Grace peace and love,
Gia

Monday, December 2, 2013

walking the talk...

For as long as I can remember, I've talked about gratitude and peace. As with everything, its always easy to talk; however the weight of it is experienced during "tests". At this time we see whether or not that which we've been talking about is truly what we are walking out.


True story. :)

Last week I found myself sitting in a borrowed car that wouldn't start, trying my hardest to remain composed. I was done. Just over it. Ready to scream. This was not the first time since I borrowed the car  that it chose to not start. However, this was only Day 3 that I had the car and this is a car, that for as long as my sister has had it, has NEVER given her problems. It was a really rough moment.
Here is a snippet of my inner dialogue.

[literally] talking to myself: "Come on Gia, take a deep breath. Its okay."
slowly look around and think to self after a couple slow deep breaths

"I guess it could be worse..."

Then IT happened. The shift.

In that one statement and action (slowing down, regulating my emotions) my thoughts went to this: "wow. I'm stuck but its in a well lit busy gas station, on a main road, less than 15 minutes from home. My husband isn't available, but my dad is and he is on his way. The weather is cool, so Daelyn Grace is comfortable as she is sleeping in her car seat in the back seat. I've got battery life on my phone to make calls if necessary." 

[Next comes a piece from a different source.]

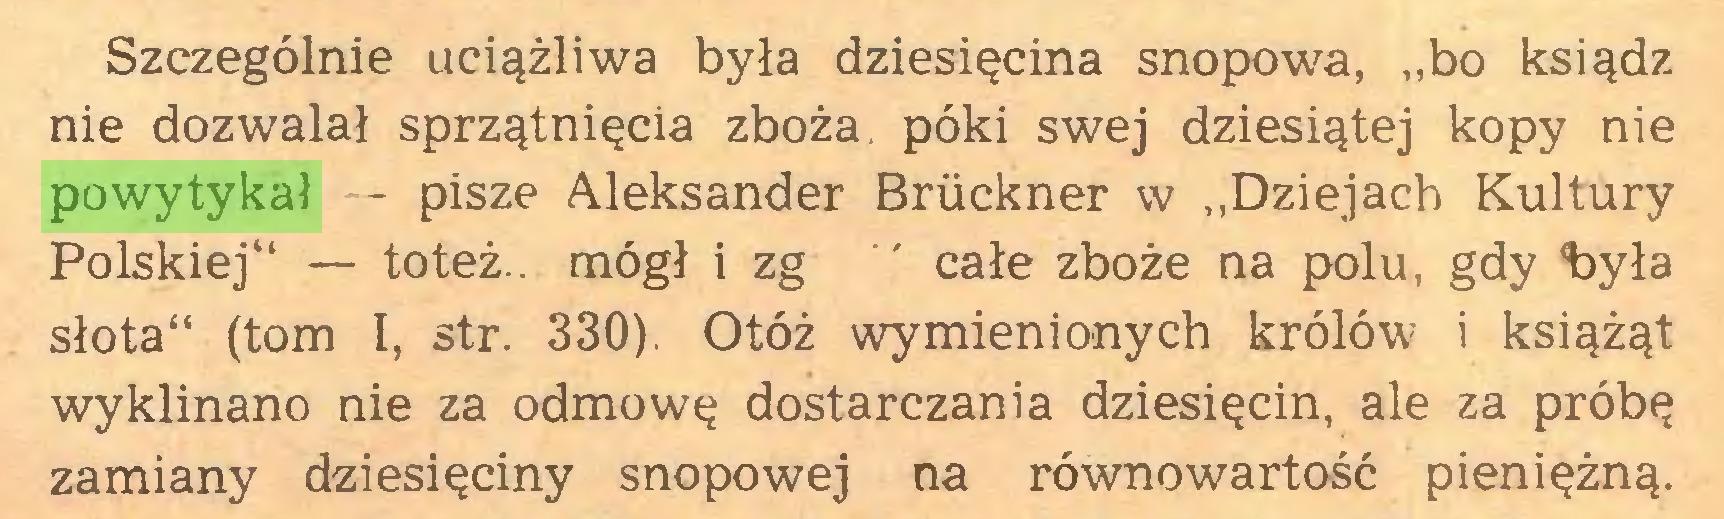 """(...) Szczególnie uciążliwa była dziesięcina snopowa, """"bo ksiądz nie dozwalał sprzątnięcia zboża, póki swej dziesiątej kopy nie powytykał - pisze Aleksander Bruckner w """"Dziejach Kultury Polskiej"""" — toteż., mógł i zg ' całe zboże na polu, gdy 'była słota"""" (tom I, str. 330). Otóż wymienionych królów i książąt wyklinano nie za odmowę dostarczania dziesięcin, ale za próbę zamiany dziesięciny snopowej na równowartość pieniężną..."""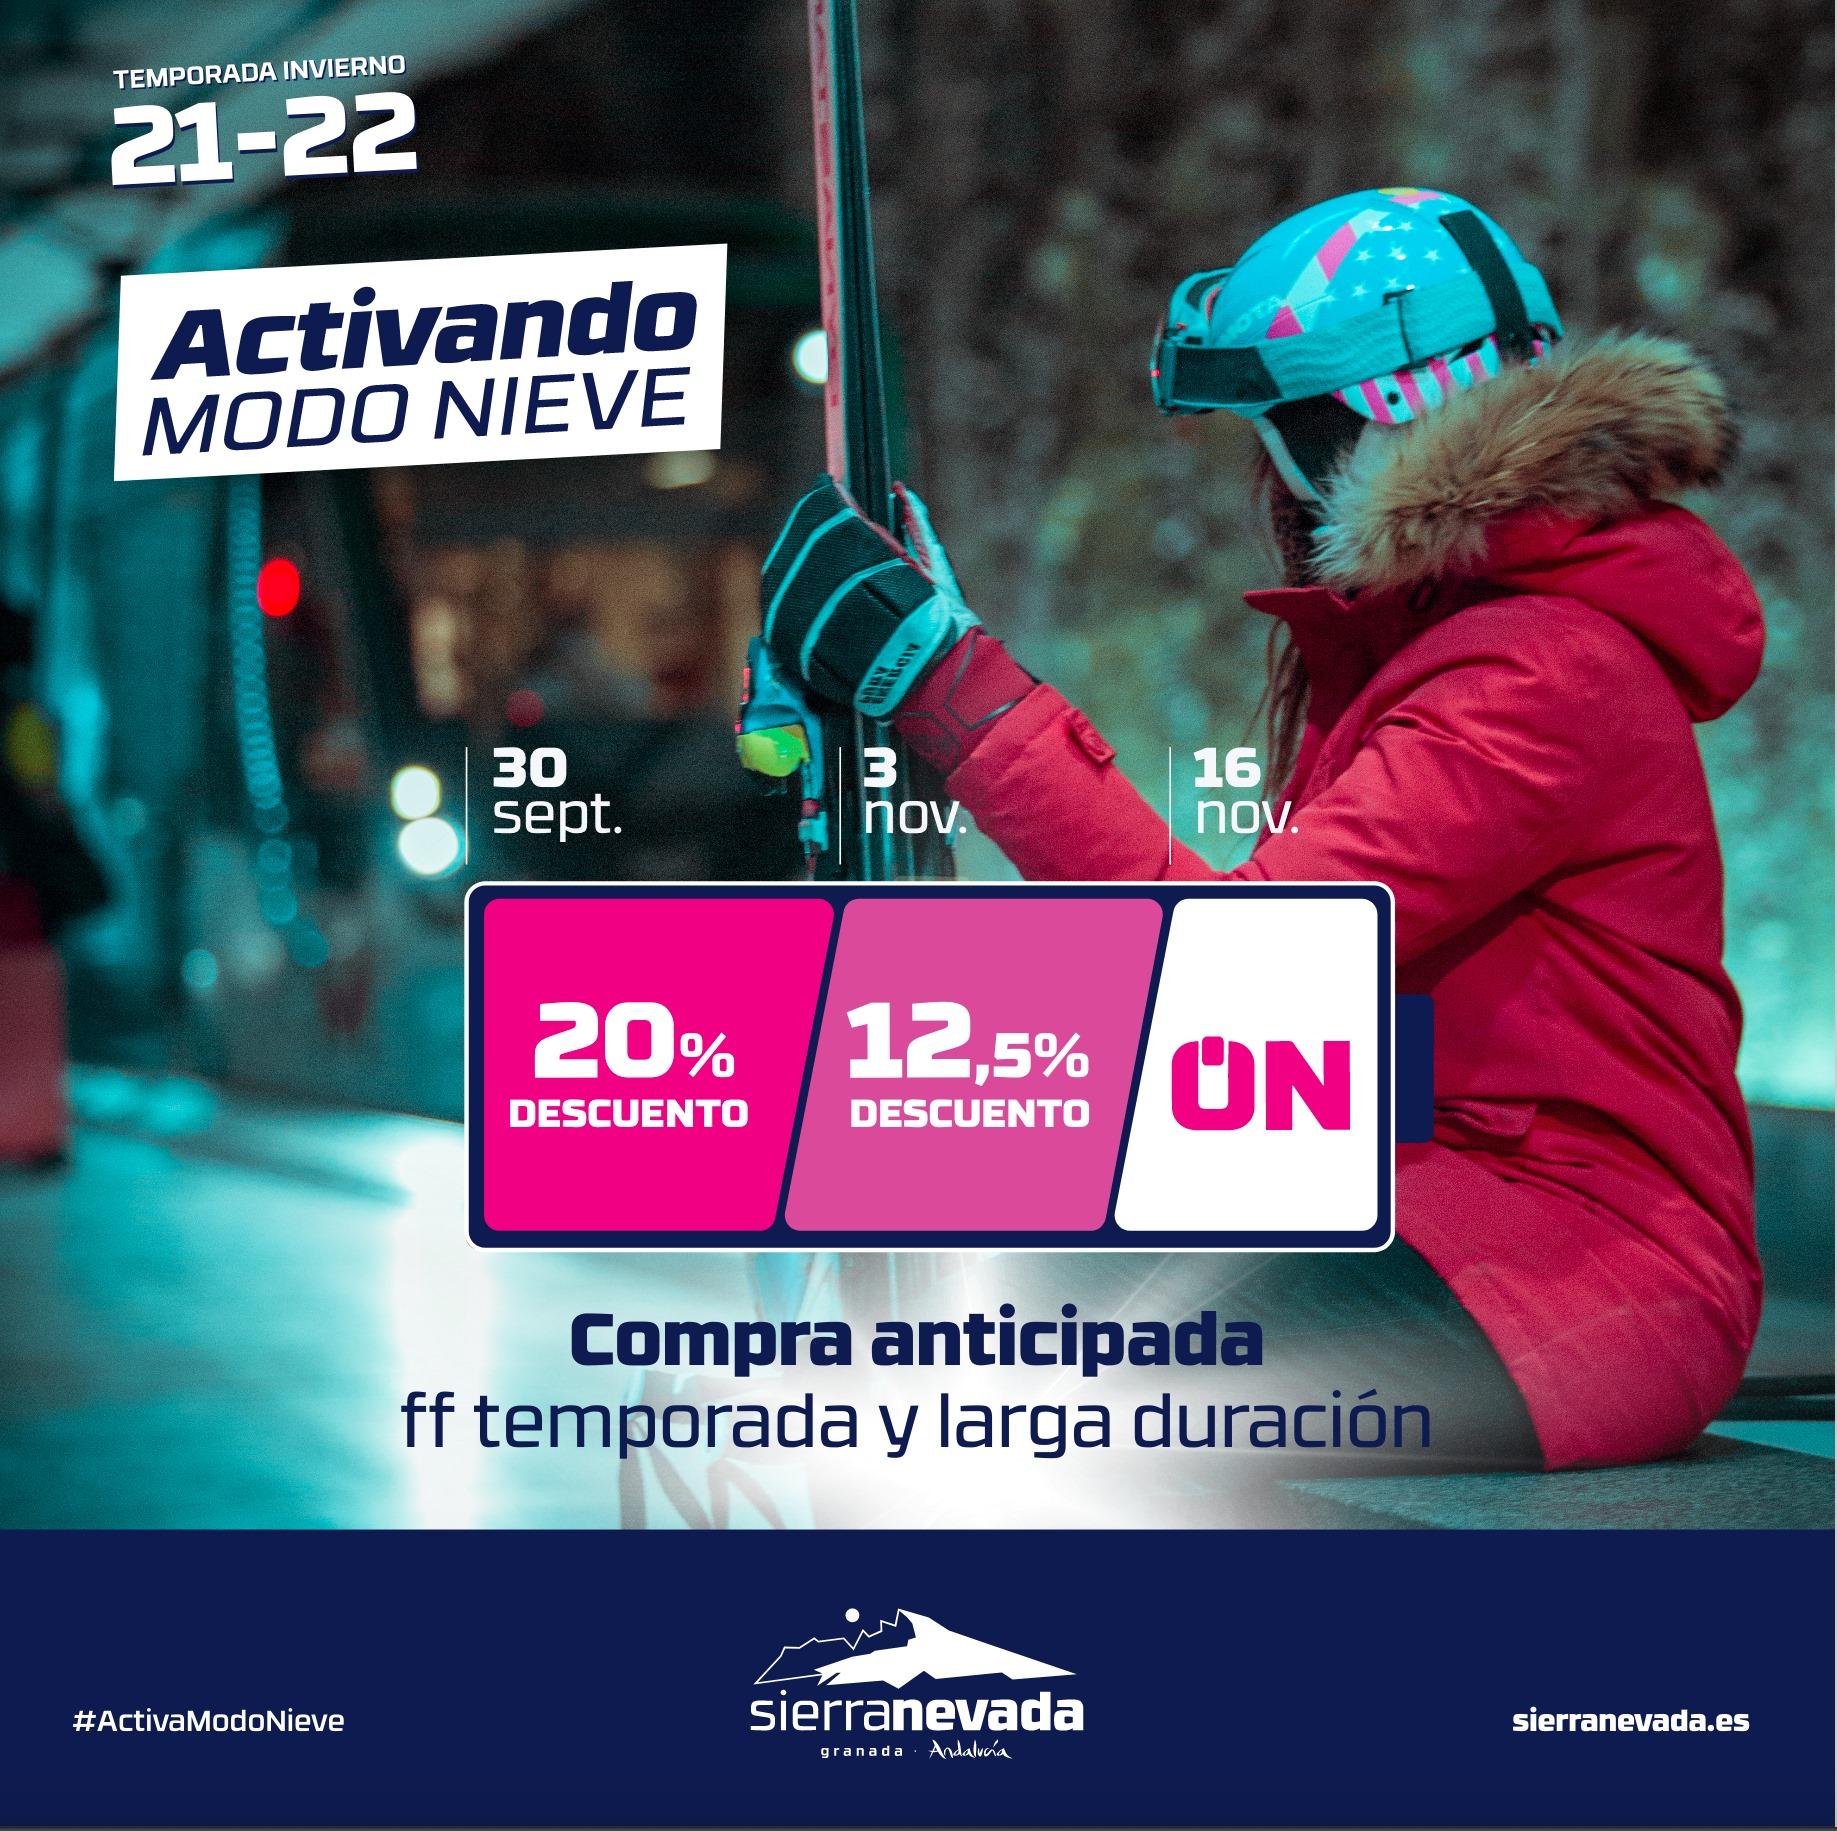 !Activando modo nieve¡ Campaña de compra anticipada de forfaits

I then realized that I was literally okay. 

From this way of thinking, I had plenty to be thankful for...safety, support/help, alternative means of getting home, sanity (baby sleeping and comfortable)...etc etc etc

Did my new shift in thinking change the conditions? No.  the car still didn't start.
Was I still bummed that the car I borrowed, was giving me problems? - yes

But in my disappointment, I refused to get all upset and burdened by something I had no control over. I chose to adjust my thinking and literally stay positive.

I then moved on. Made necessary arrangements for car to be dealt with (all that was within my control), then let it go.

I wish that was all to this story but later that week, a similar occurrence happened as I found myself driving buttercup (my "new" SUV) after  it just came from mechanic (getting an expensive engine head) and realized that it still wasn't drivable because now the brakes weren't holding.

ahhhhhhhhhhhhhhhhhhhhhhh seriously... AGAIN????????

I'll admit. It wasn't as easy to adjust and shift now. In fact, a day later I'm still fighting to choose gratitude and peace over frustration and worry. I got a timely reminder from my mom though. In a simple one sentence text, she acknowledged the trend of unfortunate events, but reminded me to still give thanks. 

As I reluctantly forced myself to find something (anything) to be thankful for in this never-ending expensive saga, I actually found a couple things. I was thankful that the battery died BEFORE it tore the belt possibly resulting in a very bad outcome if it occurred while driving. I was also thankful that although the brakes weren't holding, the time and day I was driving meant that there was virtually no other cars on the road, and still in full day light so there was no need for sudden braking. pretty big deals huh? yea I know.

So I've been super conscious to not complain. To not go through the self-pity route. To not sit and worry about what could be or should be. 

Hopefully your days, week, season has been a little easier than mine, if not- join me as I've decided to simply:

1. ask for grace [serenity] to accept that which I cannot change (i.e. move on, let go).
2. ask for the insight, resources, and energy to make changes/correct/fix that which I can
3. and finally, I've asked for wisdom to know the difference.